O'Loughlin was awarded the 2009 AFL Players' Association Madden for his on and off-field contributions to the game.

In 2010 O'Loughlin coached the Flying Boomerangs Indigenous side during their Cape Town tour, leading the side to victory against the South Africa National Australian Rules Football Team. He was later named coach of the World 18 for the AFL National Under 16 Championships.
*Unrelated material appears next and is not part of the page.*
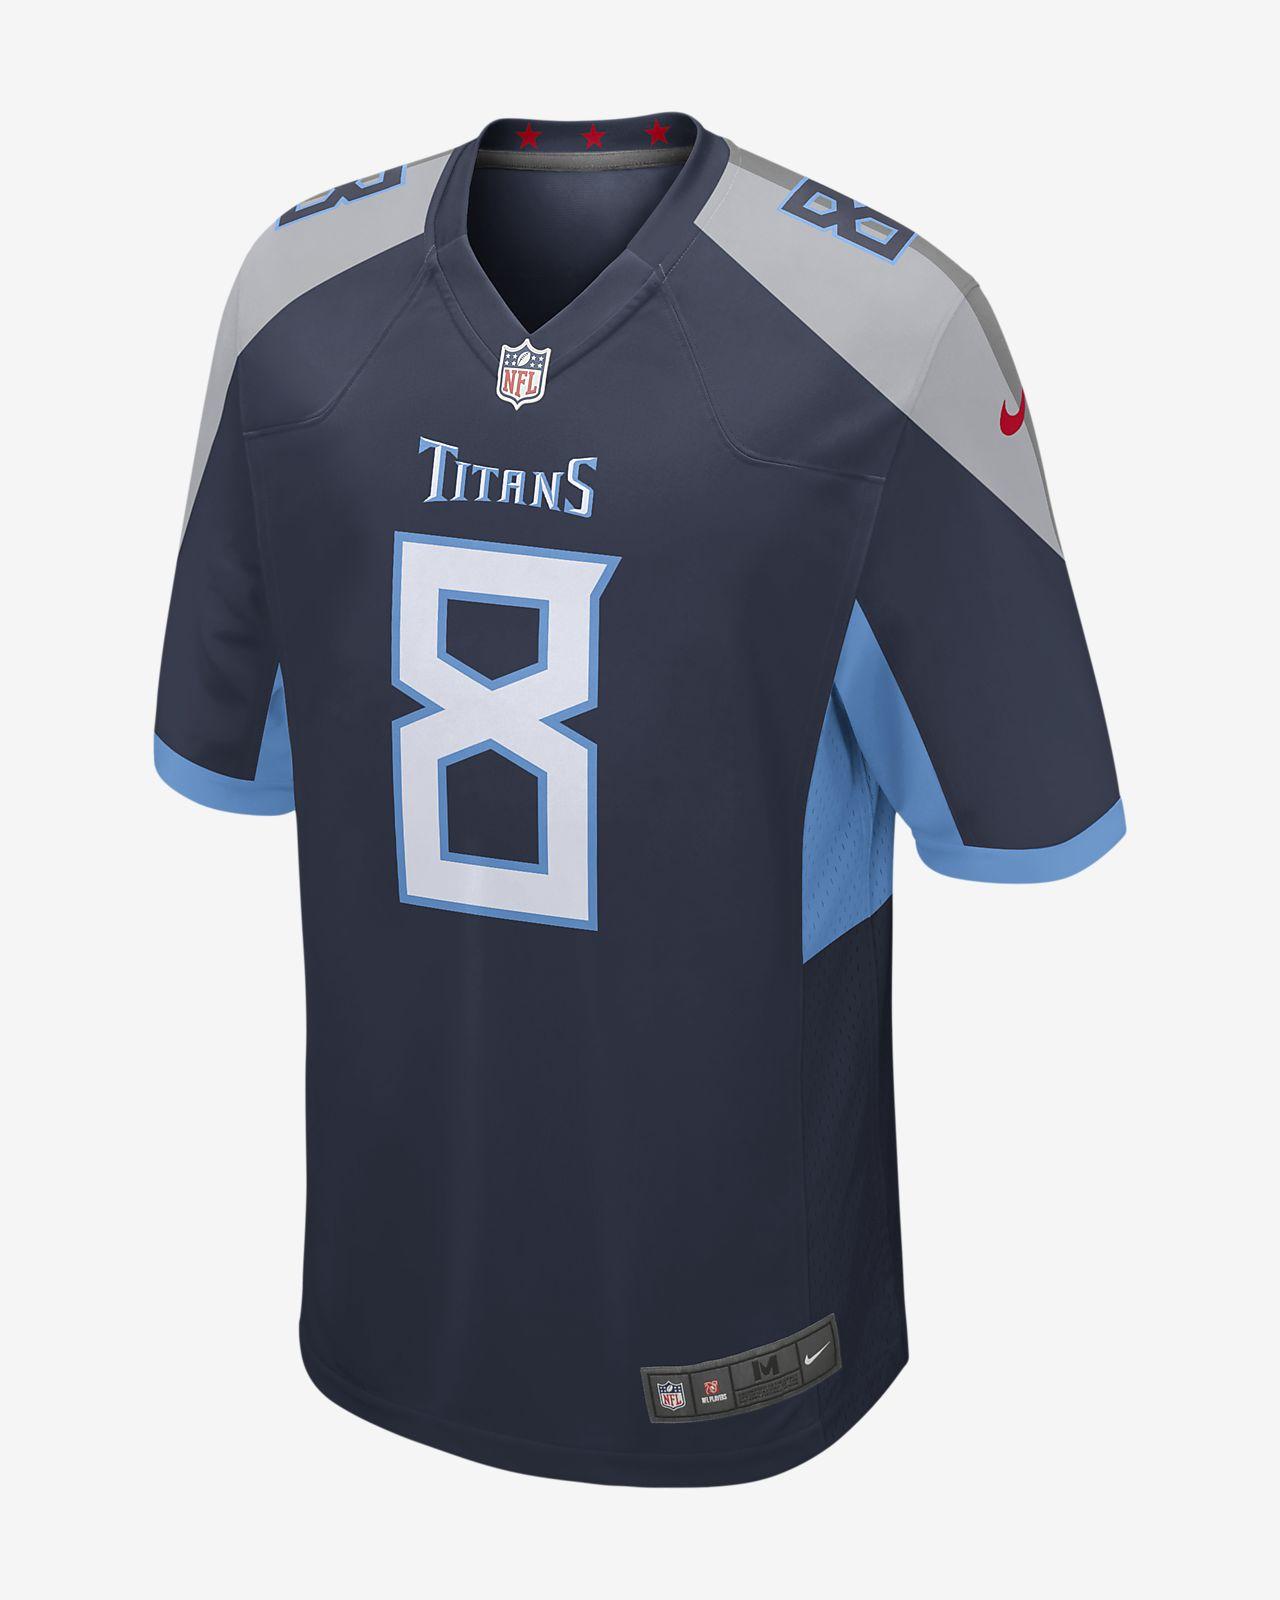 NFL Tennessee Titans (Marcus Mariota) férfi amerikaifutball-mérkőzésmez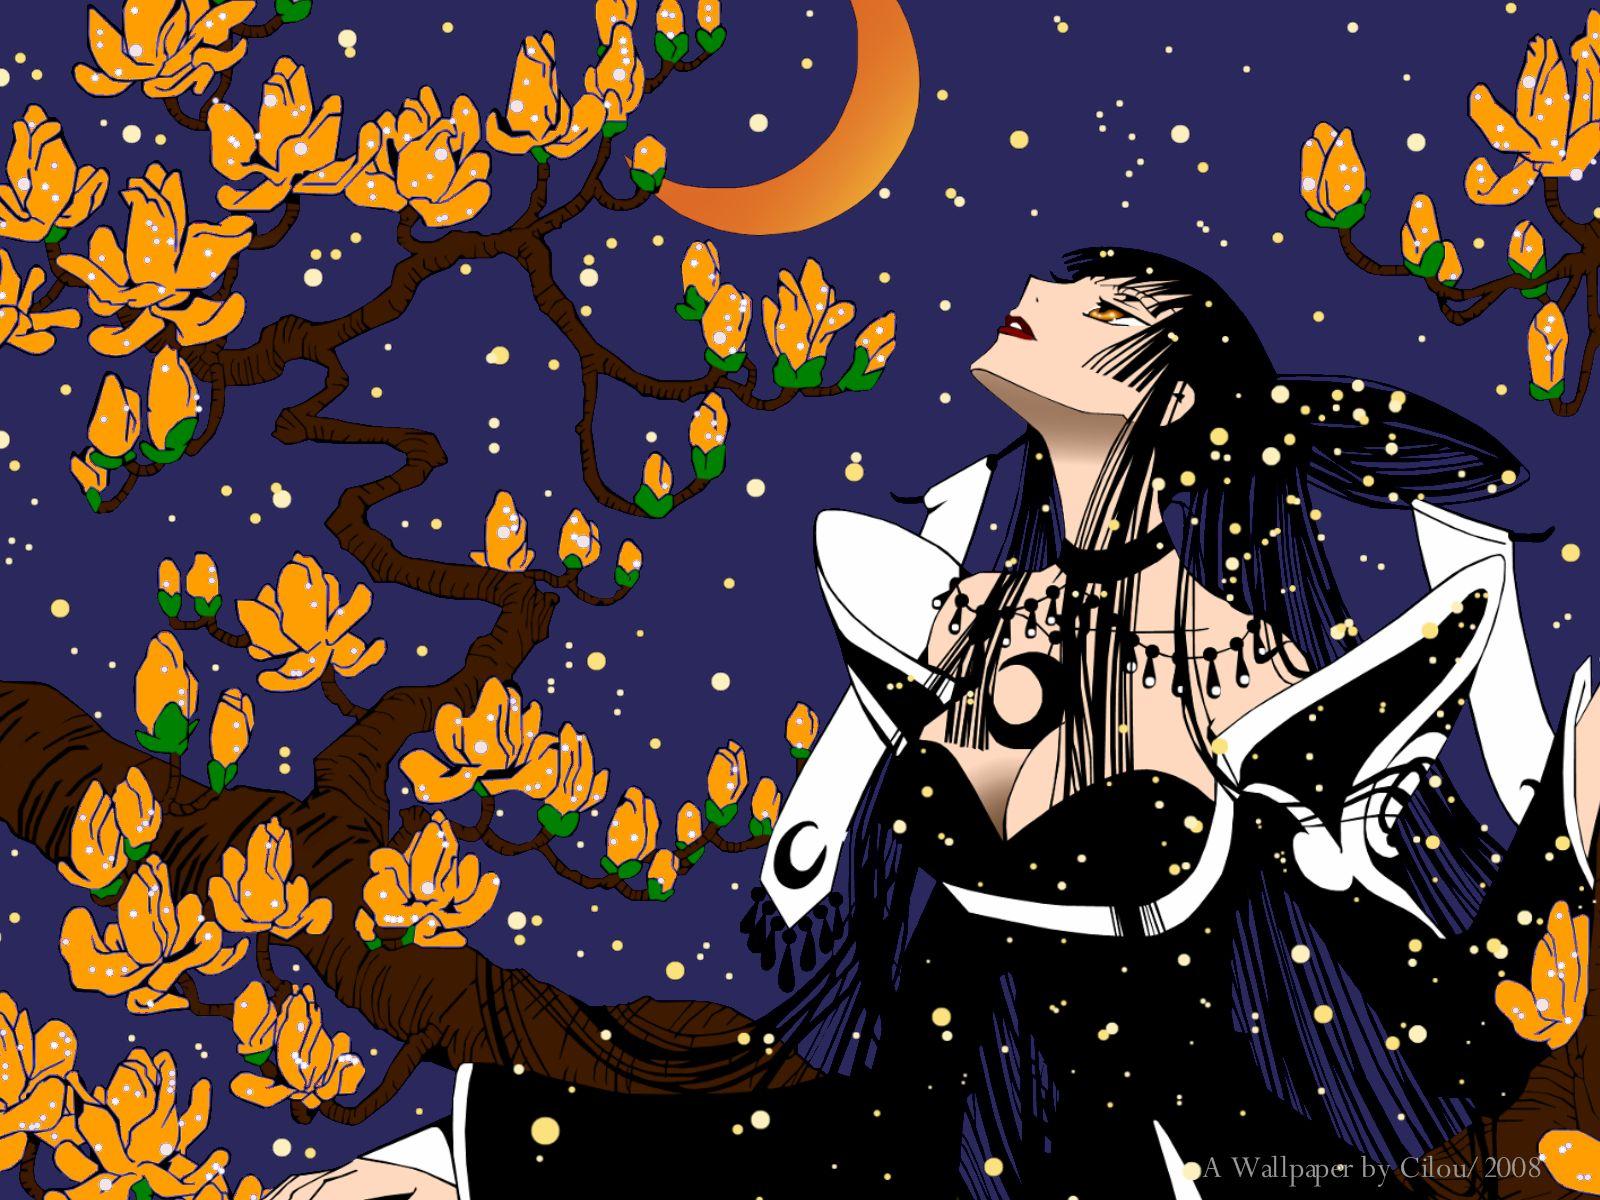 Xxxholic manga anime hd wallpaper 01 imagez only - Wallpapers hd anime ...

In 2011 he was named as coach of the Indigenous All-Stars team for their biennial game, this time against the Richmond Tigers. O'Loughlin also represented South Australia against Victoria in the State of Origin Slowdown charity match at the Adelaide Oval on 3 October 2011. Both teams were composed of retired players with the match supporting both the Little Heroes Foundation and the Reach Foundation youth charities started by former Melbourne Demons star player, the late Jim Stynes.

===The GO Foundation===
In September 2009 he launched the Goodes O'Loughlin Foundation, or GO Foundation, along with his cousin and co-chairman Adam Goodes and their friend James Gallichan, in Dareton, NSW, where it was involved in various community programmes for the local Aboriginal population. In 2014, it started focusing on education for Indigenous Australians and established a board of directors. Founding partners include the Sydney Swans, Allens Linklaters, QBE Insurance and KPMG Australia. After starting with a few scholarships to independent schools, by 2021 GO had expanded into 26 mostly public schools, as well as five universities.

==Off-field controversy==

In 2000, it was alleged that O'Loughlin had been present during the rape of a woman in a park in Adelaide by two other AFL players, Adam Heuskes and Peter Burgoyne. O'Loughlin was said to have been "present before or during the incident, but not directly involved in it. O'Loughlin was neither charged nor questioned by police but Burgoyne and Heuskes were both charged with rape. The case, however, did not go to court as the Director of Public Prosecutions, Paul Rofe, said there was "no reasonable prospect of conviction on any criminal charge" due to a lack of witnesses. Despite this, the three players made a $200,000 cash payment to the alleged victim. The incident came to public light when it was examined on the ABC investigative program Four Corners in 2004.